3. Wellness Programs—Wellness is another area where you can be inclusive and address a wide range of issues and needs. For example, you might focus on educating employees about specific health risks. Or you could provide preventative services such as biometric screenings. Or you could concentrate on specific problems such as diabetes, nutrition, smoking cessation or financial wellness. In fact, financial wellness is such a pervasive concern these days that LifeCare saw a 74% increase in requests for financial hardship counseling in 2018. Whatever you choose to focus on, giving employees access to wellness programs will pay dividends in improved employee health and your company’s alignment to D&I.
4. Pet Care Support Programs— For many of your employees, pets are family. Pets are also good for their health, happiness and productivity. So supporting pet care for your employees—particularly those who travel frequently for business—is a smart move. Pet care support can include telephonic access to specialists who can help locate veterinarians and other professional resources; pet backup care for times when employees travel or when their regular vets aren’t available; and discounts on pet supplies and services. If you think of pet care as a “niche” issue, think again: LifeCare saw a 72% increase in requests for assistance with pet care in 2018.

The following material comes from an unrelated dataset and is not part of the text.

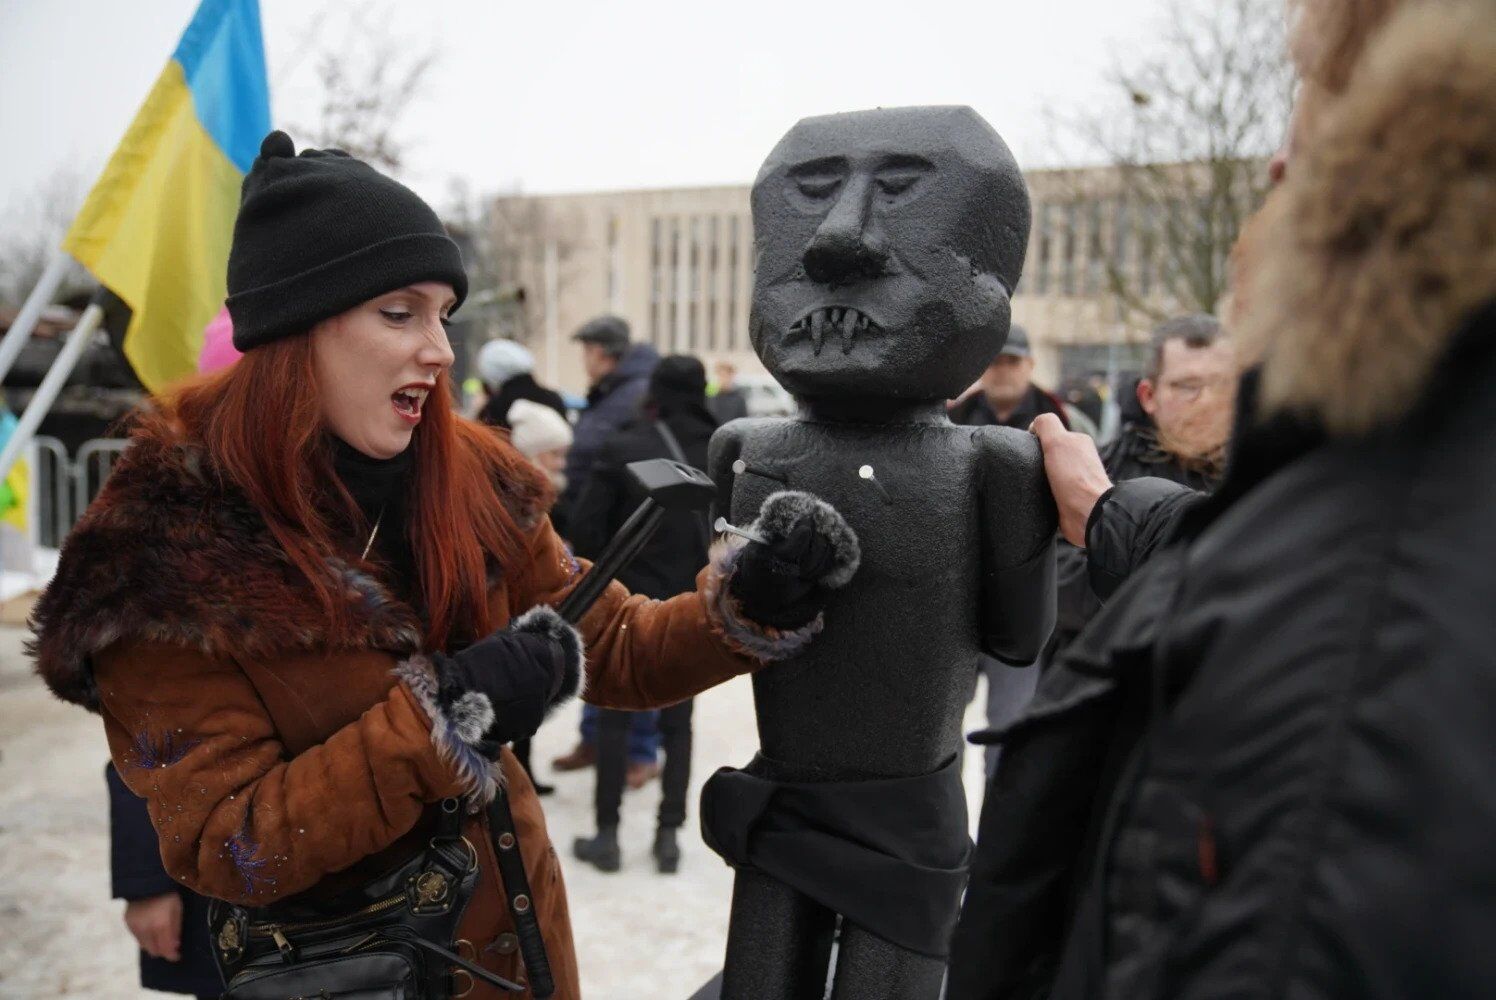 Забить гвоздь может каждый желающий: в Риге у посольства РФ установили гигантскую куклу вуду в виде Путина. Фото

5. Career Development & Educational Support Programs—We’re not suggesting you pick up the educational tab for everyone in employees’ families! Your inclusiveness only needs to extend to your workers, but the career/educational programs you launch should help employees no matter what stage they’re at in their careers, what functions they work in, or whatever their professional goals are. These programs can include tuition reimbursement, student loan repayment assistance, internal coaching and mentoring programs, training workshops, and a host of other options. As research shows, career and educational support not only enhances your commitment to D&I but it also improves employee retention and the growth of your business.
Clearly, you should factor diversity and inclusion into your employee benefits. Otherwise you risk creating a serious disconnect in your messaging to win new talent, not to mention undermining the performance of your employees and your company.
As it turns out, your c-suite most likely wants greater alignment with D&I as well. A study by The Economist found that the majority of global business leaders it surveyed believe D&I promote better talent management (71%), employee satisfaction (64%), and corporate reputation (57%).